Step 8: Read the complete document one final time
Read it aloud — slowly. Your patient is 68, going home tomorrow, mildly anxious about managing at home, with her daughter reading over her shoulder. Every sentence needs to be immediately clear on first reading.
Remove any sentence that is ambiguous. Check the warning signs section is prominent and easy to find. Ensure the phone number to call is clearly visible.
What the tool does badly
The tool cannot know your surgical approach — and hip precautions differ significantly between approaches. For an anterior approach, most precautions do not apply, and giving posterior approach precautions to an anterior approach patient will restrict them unnecessarily. Always specify the approach in your prompt and check the precautions section against your protocol.

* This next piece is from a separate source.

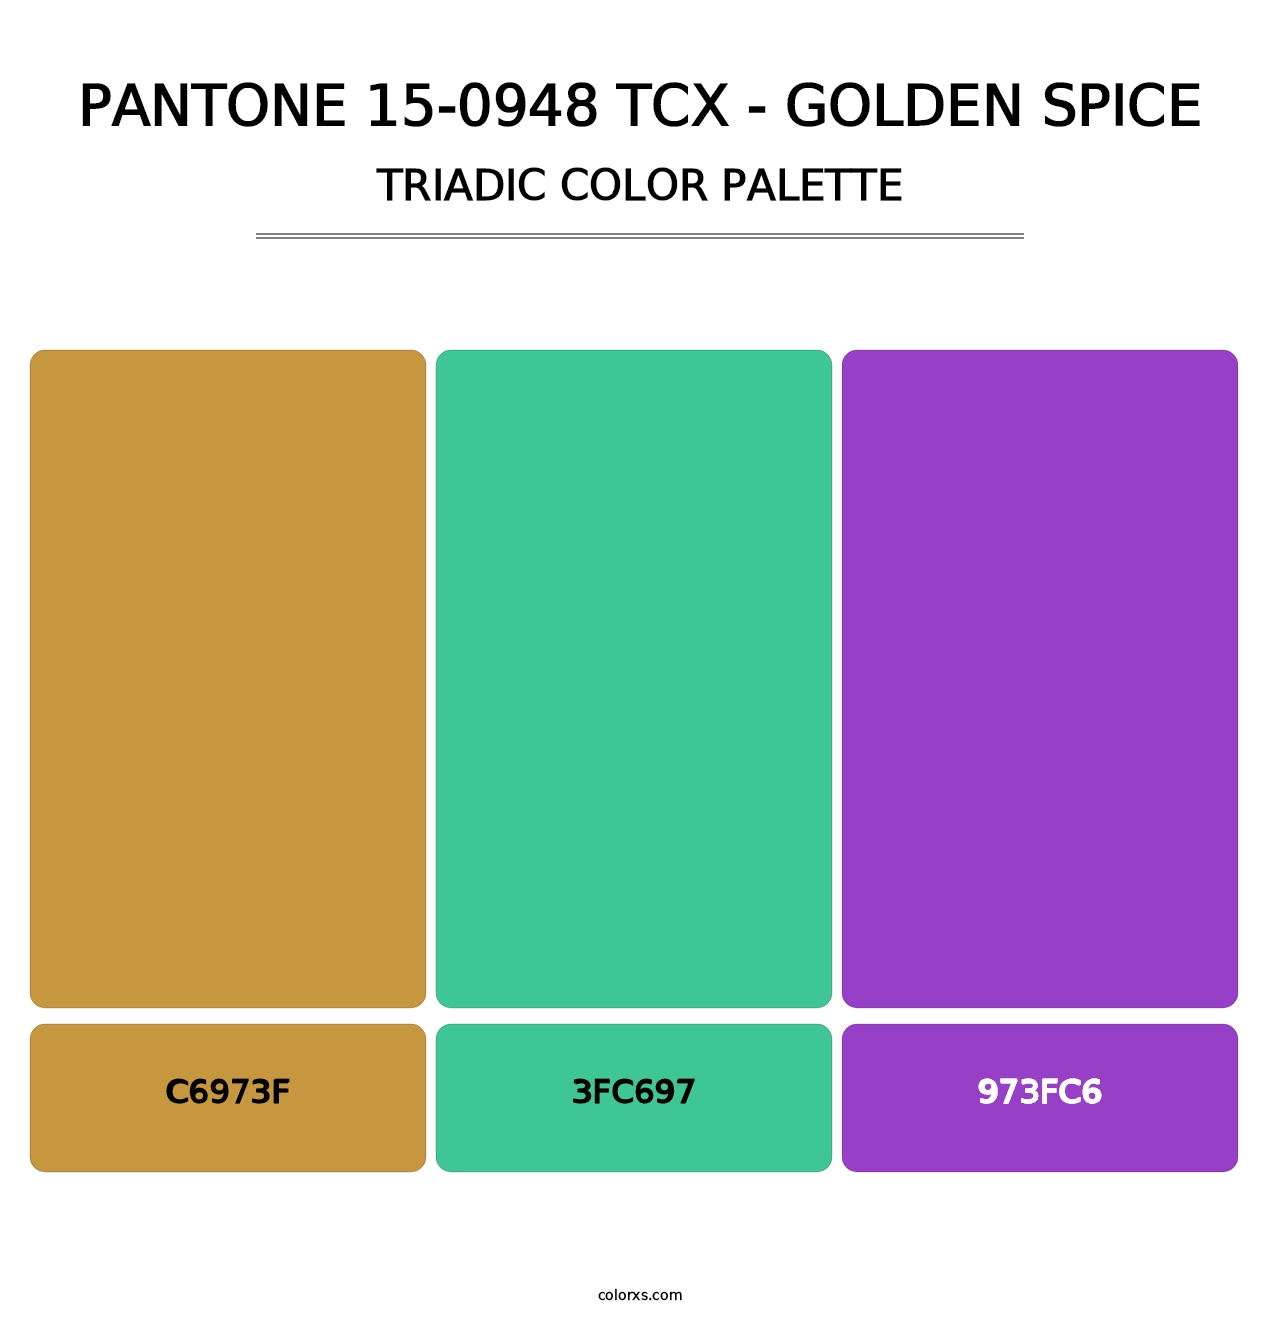 PANTONE 15-0948 TCX - Golden Spice - Triadic Color Palette

The tool also cannot generate medication instructions. Do not add medication guidance to the prompt. These instructions come from your prescribing team and pharmacy.
What to try next
Use the same approach to draft the physiotherapy referral letter for the same patient. You already have the clinical parameters. The workflow is identical: set the task, provide the parameters, review the draft, add what only you can add.
Remember: AI is a helpful assistant, not a clinician. You make the call.